Abdalla Hamdok becomes appointed as Sudan’s new prime minister after the revolution. Previously, Hamdok worked as a senior economist for the United Nations and intends to use his experience as an economist to bring back Sudan’s damaged economy. Sudan’s signed agreement also led to a new Sovereign Council that replaces the TMC.
Signed constitutional declaration
- Power-sharing will last for 39 months
- Elections to be held at the end of that period
- A sovereign council, cabinet and legislative body will be formed
- A general will head the council for the first 21 months, a civilian for the remaining 18
- Sovereign council will have 11 members (5 civilian and 5 military nominees plus one agreed by consensus)
- A prime minister, nominated by the pro-democracy movement, will head the cabinet
- The ministers of defense and interior will be chosen by the military
- The other positions will be taken by pro-democracy candidates
- Sovereign council and cabinet members barred from running for election
So, what happens next? A long transitional period is in effect to rebuild the country into a functioning state again. The attempted assassination on Prime Minster Hamdok illustrates that Bashir’s regime is still profoundly infused in the country and that it was take scrutinized crackdown to dismantle any sinister forces to the democracy movement of Sudan and its people.

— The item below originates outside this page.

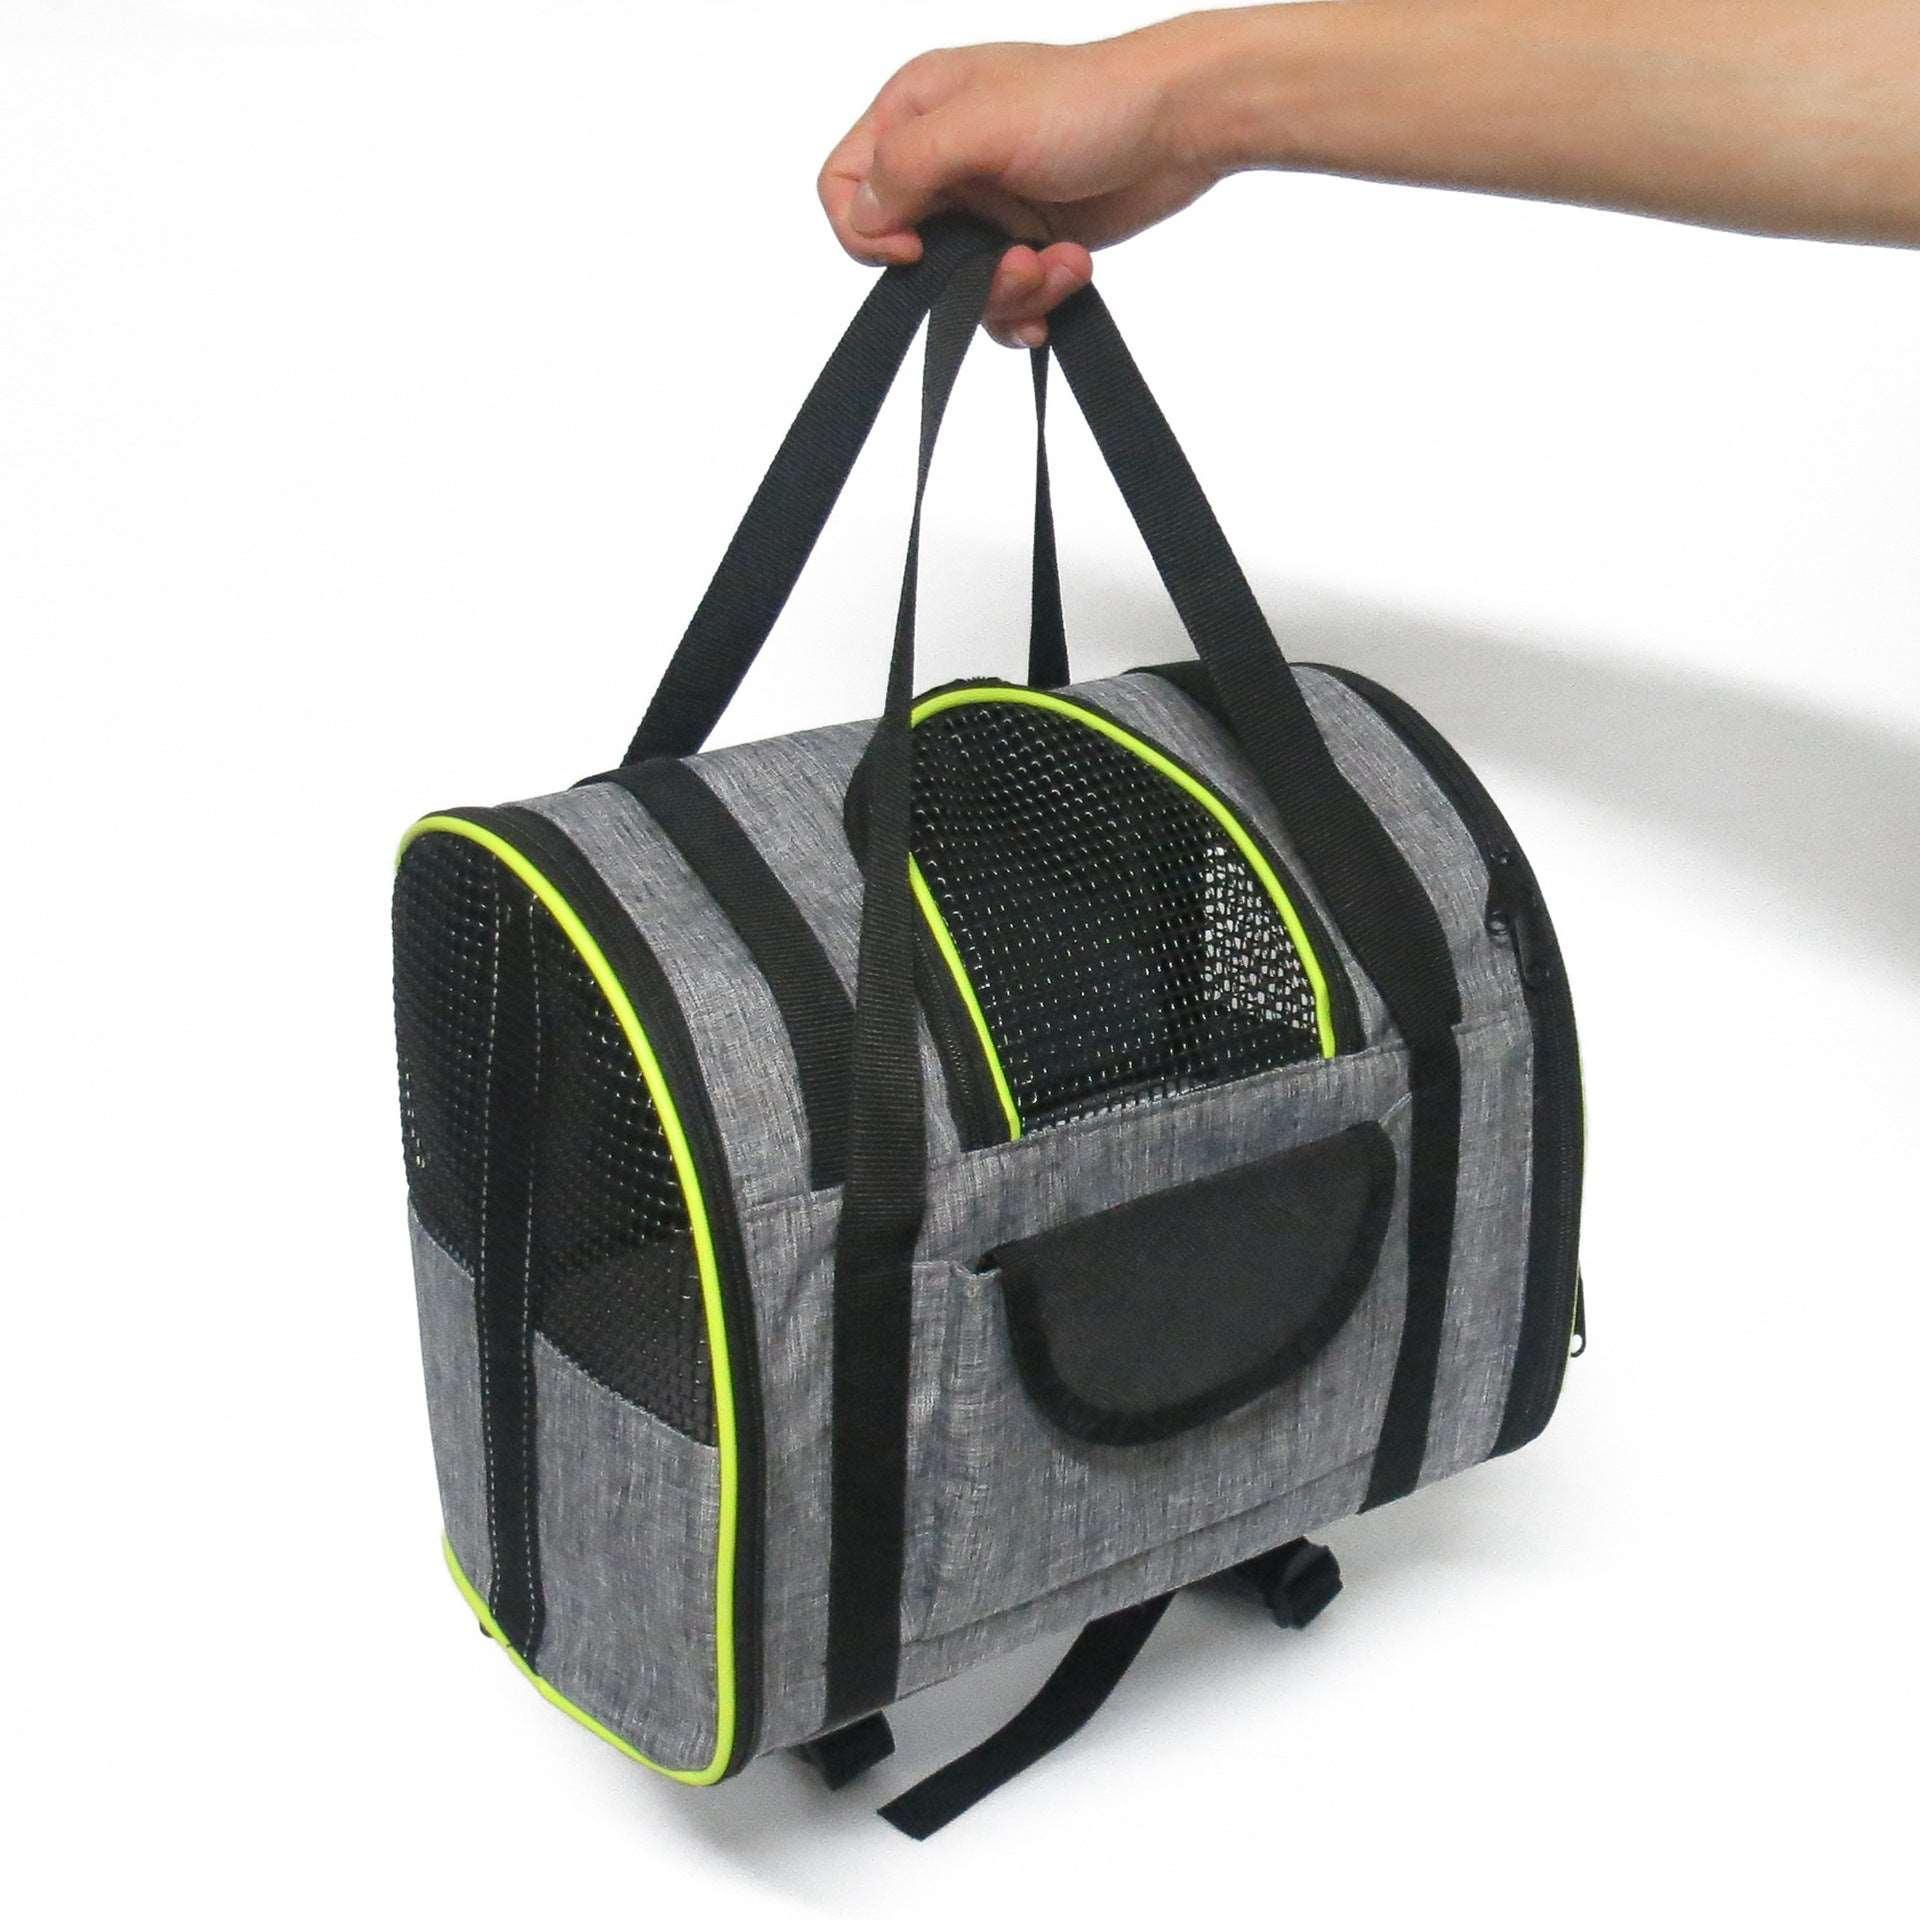 Foldable Multi-functional Pet Travel Carrier Bag

Sudan may be years away from peace and stability, but a new Sudan is achievable as long as justice is served to those viciously attacked from Sudan’s old governments. The people of South Sudan deserve justice, and this administration must not ignore their voices. The current administration must pay attention to the past and follow a different path to lay a foundation for the future of Sudan, and its forthcoming generations.